I particularly like this shot as Gordo's glider is reflected on our wing.

This is looking West into Yosemite National Park. The line of clouds that we were flying under had an extension to the West. So we decided to penetrate out into Yosemite. At our Western most point, we were more than half-way across the Sierras and we could have flown out into California's central valley (although we would not have been able to get back).

Devin described the area we were flying in as "no man's land", and that if someone had to land out here, their best choice would be to land in one of the "numerous small lakes".

After running as far West as the clouds allowed, we returned to the East. In the next shot, Gordo is getting low and he called over the radio "HELLO!". We soon found, and notified him of, an 8 knot "gas station" and he quickly came over and filled up! An obvious benefit of team flying.

When we resumed on our original Southerly track to Mount Whitney, we found that the route was effectively shut down at Mammoth Mountain due to rain. Notice the fantastic rainbow!

We decided instead to return a little North and cross the Owens Valley to the White Mountain Range and head South to Cerro Gordo Peak, which is Southeast of Mount Whitney and just outside of the Western edge of Death Valley National Park. Gordo decided not to join us as he had a dinner engagement that evening. This was the last shot we had of him before we went our separate ways.

Once we got to the White Mountain Range, we headed South and did not stop once to thermal in the next 100+ miles at an average groundspeed of over 100 mph.
Here, we have almost arrived at Cerro Gordo Peak and are looking to the Southwest at Owens Dry Lake.

We then turned the Cerro Gordo Peak and headed back North for home.
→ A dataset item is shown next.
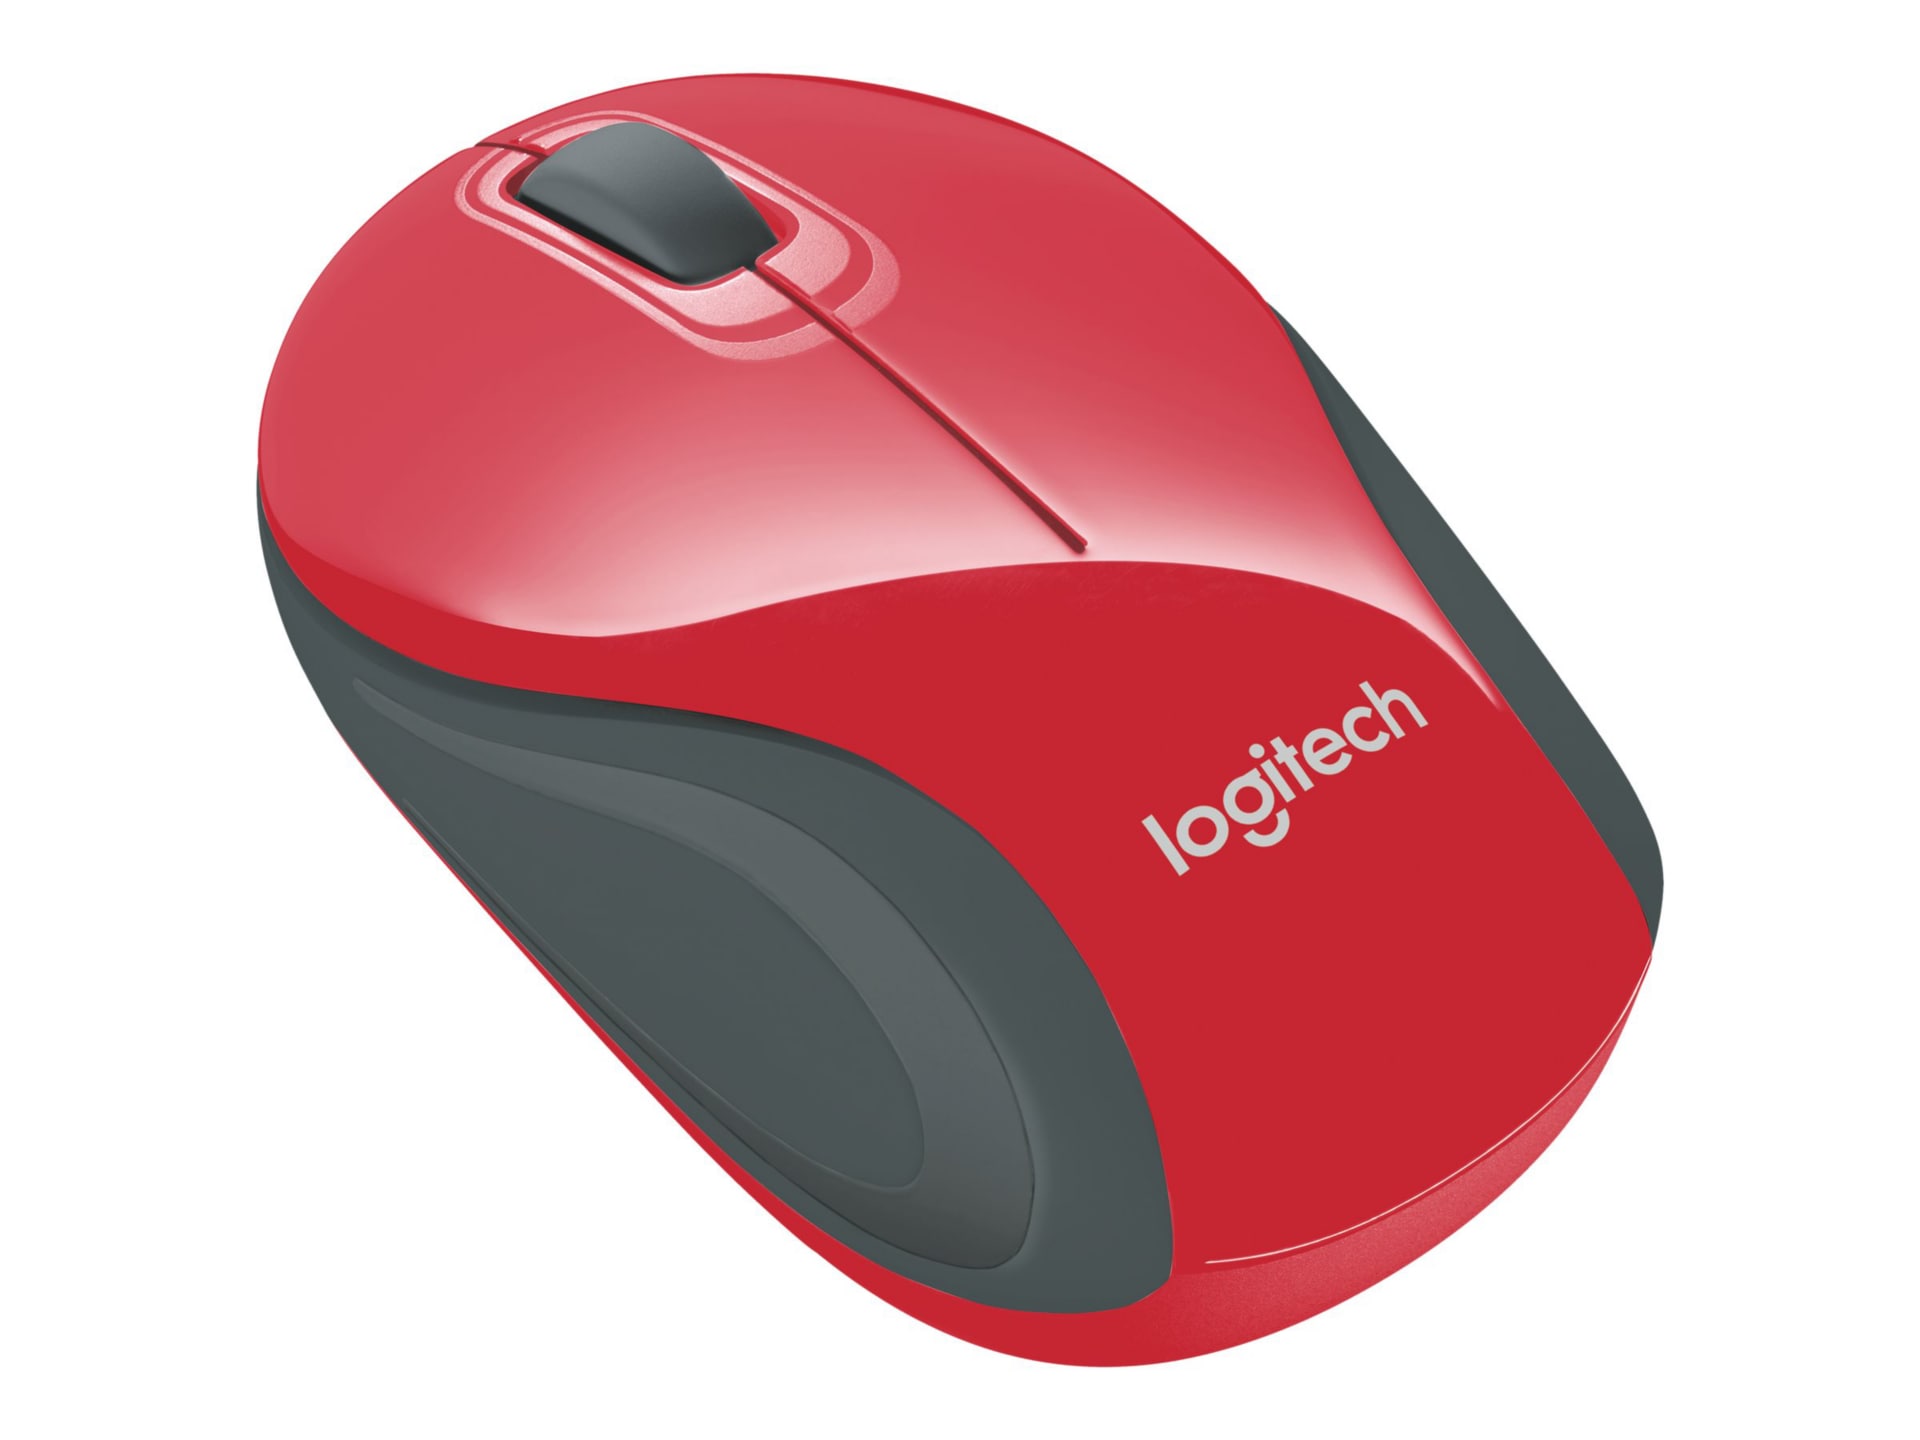 GHz - - mouse Logitech 2.4 - - Mice red 910-002727 - M187

Along the way, we noticed fresh snow (or maybe hail) on one of the peaks that had not been there when we went down.

We decided to leave the White Mountain Range in the vicinity of White Mountain Peak. Here, we are headed to the Northwest towards Glass Mountain.
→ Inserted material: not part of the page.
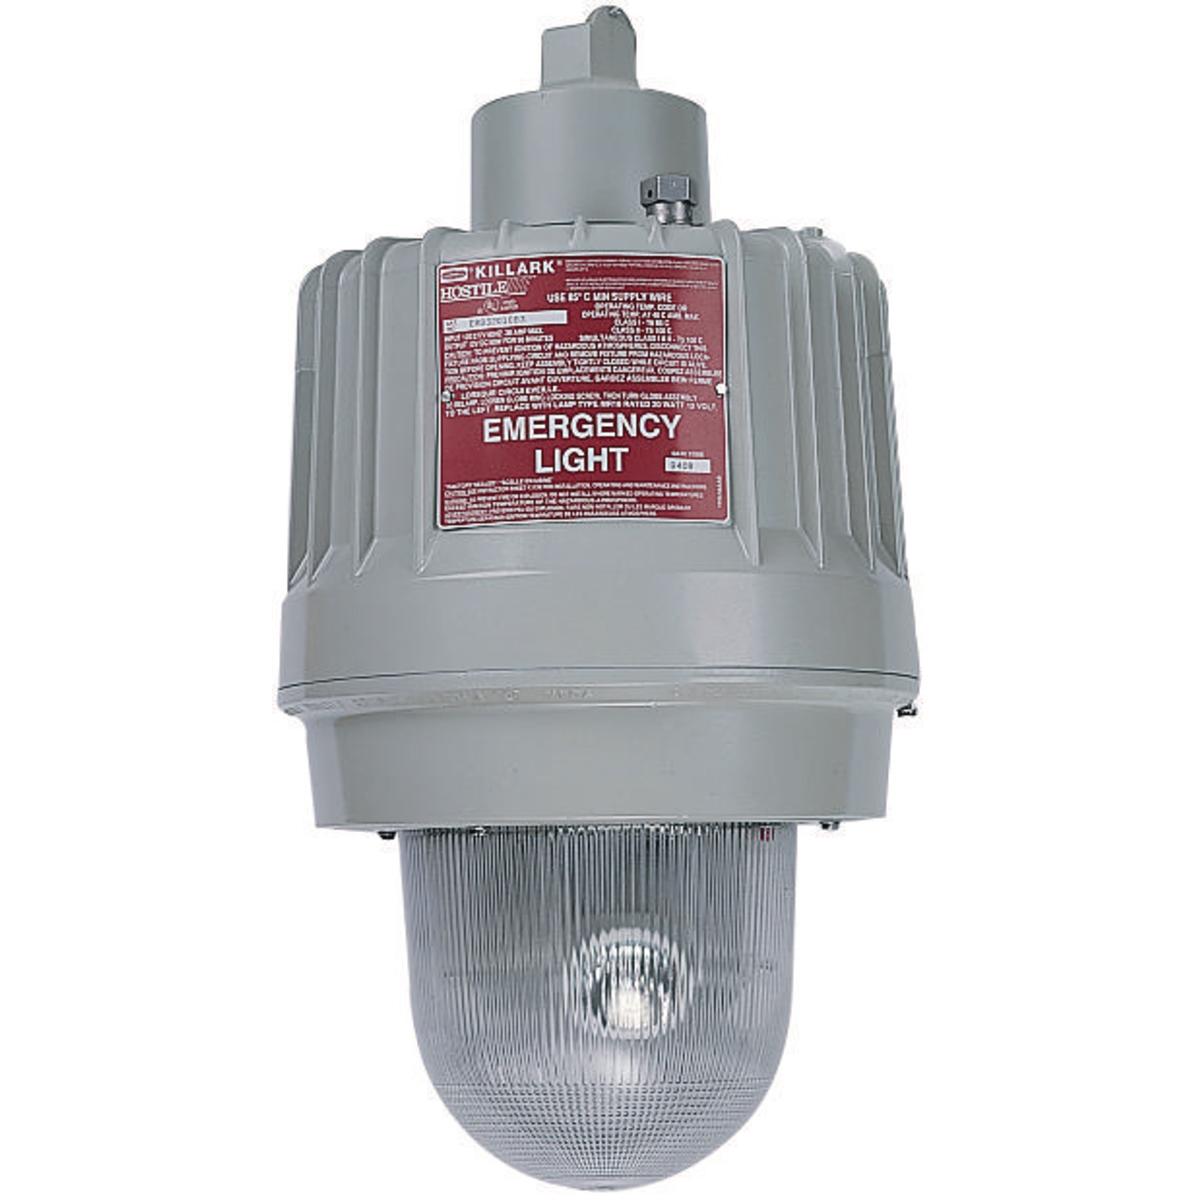 Hubbell EBB32010B3-TDR Emergency Hazardous Location 1" Wall Mount with 15 min Time Delay  ; Patented design three high intensity lamps can be independently adjusted to provide custom emergency lighting to a specific area ; Three 20 watt MR16 lamps included ; Pendant, bracket an

We arrived in the vicinty South of Mono Lake and found that the conditions were detiorating. We worked a weak line of convergence lift around the East end of the lake and considered our options. We could possibly make Bridgeport, or Mammoth, or Bishop. But, Lee Vining (at the Southwest edge of the lake) seemed to be out of the equation as the virga was reaching the ground (i.e. rain), which can be seen in the next two shots (another case of I couldn't decide which photo I liked better).

We finally found good, solid lift to the Northwest of the lake and the flight was on again! This is looking West as we started to progress North again over the Sierras.

We made one more climb over "numerous small lakes" and we were home free.

On final glide for home, we passed Highway 108 which leads to the Sonora Pass. It is hard to see, but the Marine Corps Mountain Warfare Training Center is in the next photo a little left of center. I drive by it on every trip I make to Minden when the Sonora Pass is open.

This is looking West across the Sonora Pass. The plume of smoke is from the Mount Knight fire, which had only begun a few hours earlier. It is only 10 miles North of Twain Harte, where my parents live. As of this writing, on August 4th, 2009, the fire was only 50% contained and had consumed 5,612 acres.

We continued North to Minden and took a little detour into the Hope Valley, flying over the HWY 88 nad 89 intersection and Sorensen's Resort, before returning home to Minden.
This is our GPS flight trace from Sunday.

Day two totals: Flight time - 6 hours, Distance covered - 455 miles
Two days of flying with world class pilots, a top notch glider equiped with the best avionics (including a transponder!), 11.8 hours in the air, 880 miles flown over the most spectacular scenery in the world - PRICELESS!!!
What an awesome experience this was for me! A very special thanks to Gavin and Devin for the two most incredible flights of my life!

Thanks also to Fred and Laurie of SoaringNV for putting on their innagural cross country camp that made it all possible. From the daily weather briefings and guest speakers, to the proffesional binders with excellent cross country materials, to the breakfasts and lunches and the Saturday evening banquet, you two did a fantastic job of pulling it all together! I look forward to doing it again next year.